Background: RGB-T Salient Object Detection (SOD) aims to utilize stable structural cues from thermal infrared images under low-light or foggy conditions to compensate for RGB failure in adverse lighting. Mainstream approaches use two-stream encoders to extract RGB/thermal features and fuse them via attention or intermediate interactions, evolving from CNNs to Transformers (e.g., SwinNet, HRTransNet) for global dependency modeling.

Limitations of Prior Work: Nearly all these methods rely on an ideal assumption—strict pixel-level alignment between RGB and thermal images. However, in real-world systems (especially platforms like UAVs), differences in imaging mechanisms and physical positions of the two sensors lead to varying degrees of spatial misalignment caused by registration errors, parallax, and occlusions. Once misaligned, pixel-wise fusion forces semantically inconsistent content together, leading to feature distortion, noise injection, and performance degradation.

Key Challenge: To handle misalignment, one category of methods follows "explicit geometric registration" (affine transformation prediction, deformable convolutions for object-level alignment). However, registration modules are computationally heavy and extremely sensitive to parallax, occlusion, and modal degradation, showing poor robustness. Another category uses "soft alignment" (semantic guidance, cross-modal attention, local window matching), but these still fail to solve pixel-level consistency in pixel-wise tasks like SOD, especially when semantics are ambiguous. Worse, even if thermal features are aligned, their spatial reliability is non-uniform—some regions provide useful thermal information, while others contain noise from modal conflicts or degradation. Unconditional fusion pollutes the clean RGB features.

Goal: Split into two sub-problems: (1) How to learn aligned, robust thermal representations under misalignment without explicit registration; (2) How to dynamically evaluate the local reliability of aligned thermal features during the fusion stage to suppress unreliable noise.

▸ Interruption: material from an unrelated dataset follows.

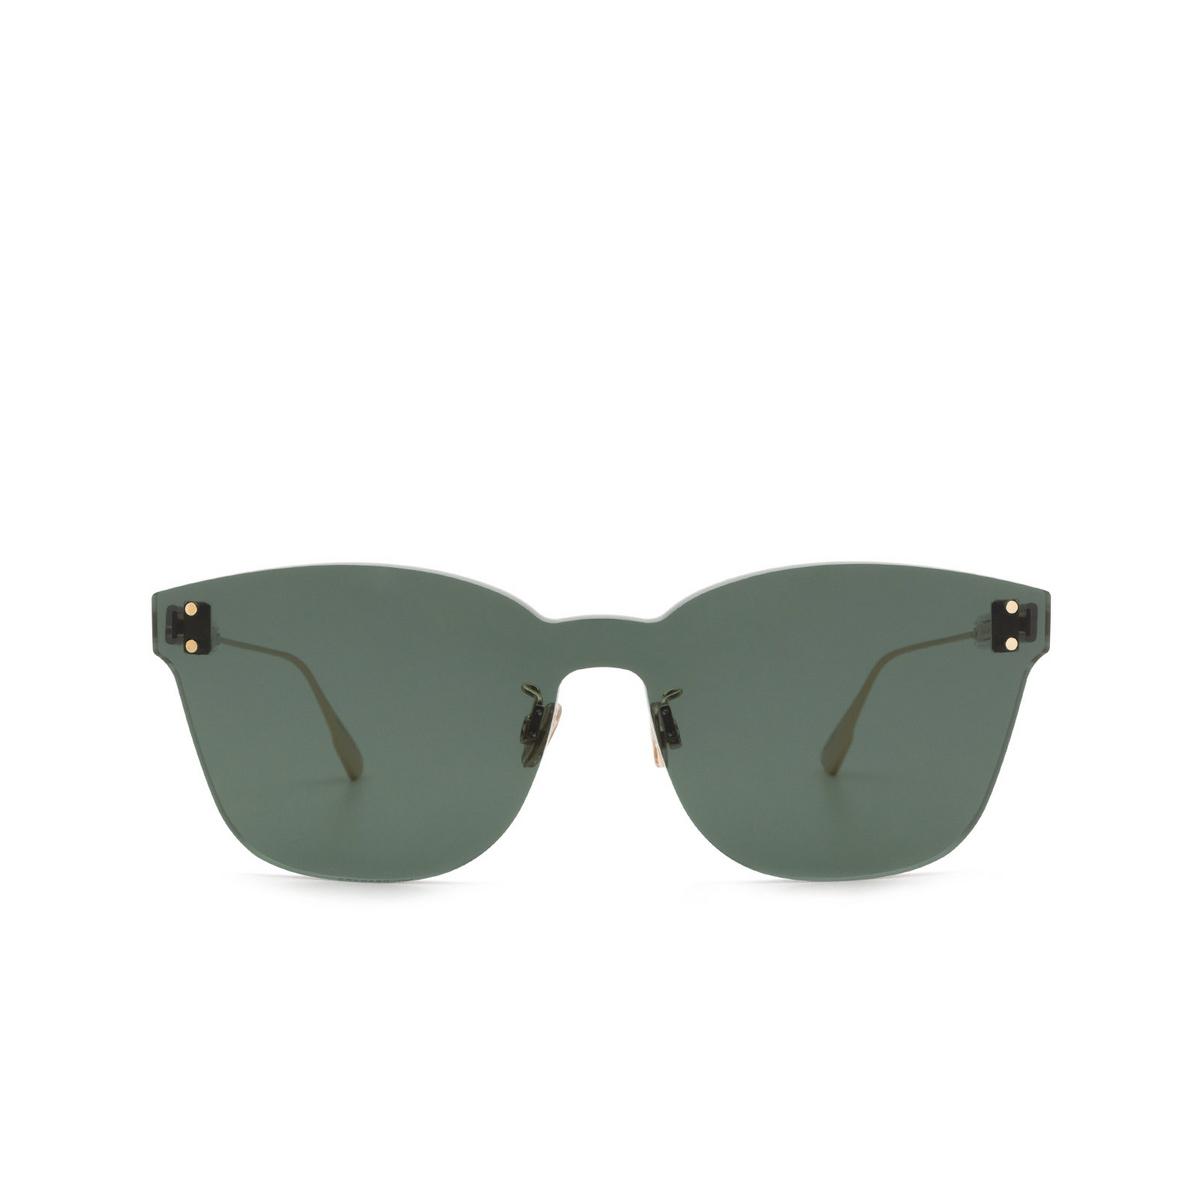 Dior® Mask Sunglasses: DIORCOLORQUAKE2 color Green 1ED/QT - front view.

Key Insight: The key observation is that misalignment exists at the "pixel coordinate" level, but if the feature of each pixel is modeled as a locally continuous probability distribution instead of a deterministic point, their corresponding Gaussian distributions in feature space may still overlap even if pixel coordinates are offset. Overlapping regions represent semantically/structurally consistent areas, transforming "alignment" into "finding distribution overlaps in latent space," which naturally eliminates the need for geometric registration.

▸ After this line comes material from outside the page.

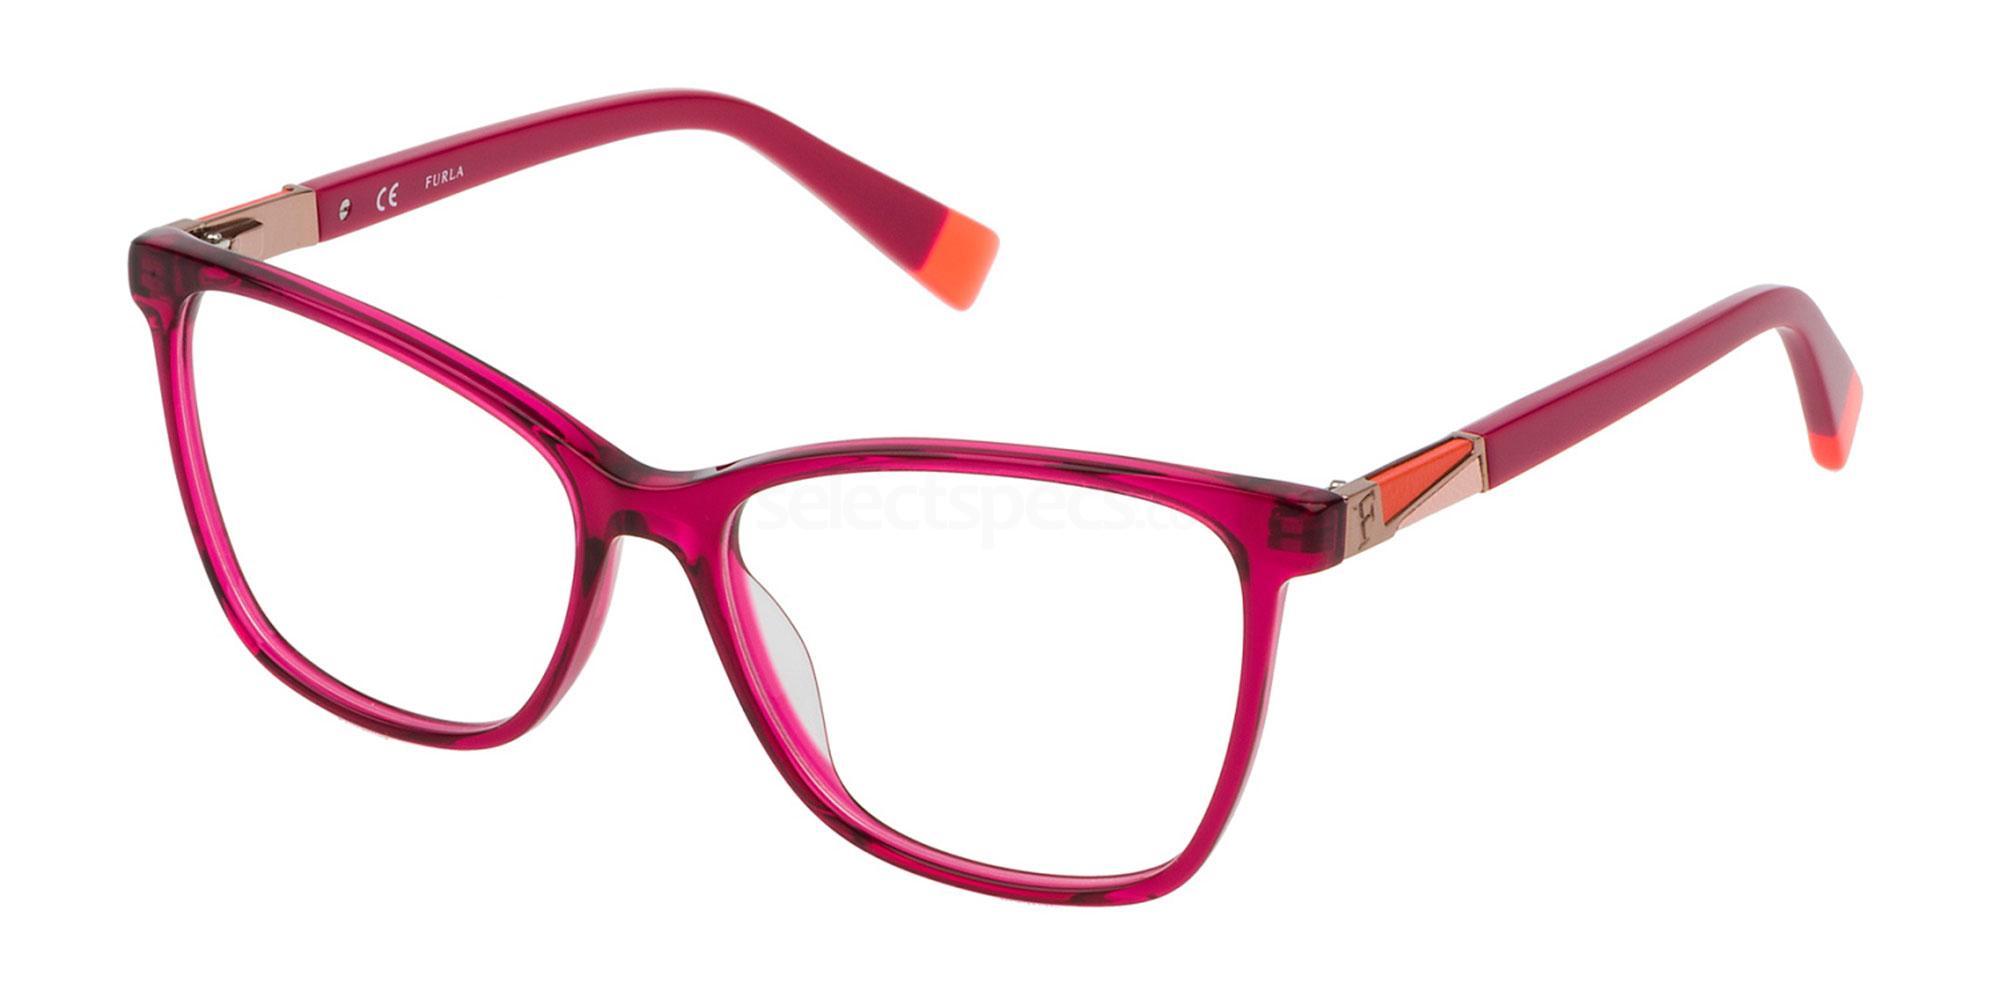 01BV VFU190 Glasses, Furla

Core Idea: Reformulate unaligned RGB-T fusion as uncertainty-aware representation learning—using pixel-wise Gaussian latent variables for implicit alignment (UAM) and confidence maps derived from distribution variance for gated fusion (CGM).

Method¶

Overall Architecture¶

UMFNet is an encoder-decoder network. The input is a pair of unaligned visible and thermal images, with dual parallel Swin-B backbones extracting multi-scale features. Fusion occurs on the encoder side: first, the UAM (Uncertainty Alignment Module) reconstructs visible and thermal features into Gaussian latent distributions with pixel-wise uncertainty to find cross-modal consistent regions in latent space, outputting the "aligned thermal feature" \(\tilde{F}_t\). Then, the CGM (Confidence-guided Global Modulation Module) generates confidence maps from the variances estimated by UAM to perform dual-channel and spatial modulation on RGB and aligned thermal features before fusion. The fused multi-scale features are progressively upsampled in the decoder, with parallel prediction of saliency maps and boundary maps supported by multi-scale intermediate supervision.

%%{init: {'flowchart': {'rankSpacing': 24, 'nodeSpacing': 28, 'padding': 6, 'wrappingWidth': 400}}}%%
flowchart TD
    A["Unaligned RGB / Thermal Pair"] --> B["Dual Swin-B Backbones<br/>Multi-scale features Fv, Ft"]
    B --> C["UAM: Gaussian Latent Distribution Alignment<br/>Pixel-wise uncertainty + Latent space overlap search"]
    C -->|Aligned thermal features + Variance| D["CGM: Confidence-guided Global Modulation<br/>Variance → Confidence Map → Gated Channel/Spatial Fusion"]
    D --> E["Decoder Progressive Upsampling"]
    E --> F["Parallel Prediction: Saliency Map + Boundary Map<br/>Multi-scale intermediate supervision"]

Key Designs¶

1. UAM Uncertainty Alignment: Replacing "Geometric Registration" with "Latent Space Distribution Overlap"

Addressing Limitations of Prior Work (1)—explicit registration is expensive and fragile. UAM stops predicting pixel shifts and instead builds a Gaussian distribution for each pixel \(p\) of each modality \(M\in\{F_v, F_t\}\):

\[z_M(p)\sim\mathcal{N}\!\left(\mu_M(p),\,\sigma_M^2(p)\right)\]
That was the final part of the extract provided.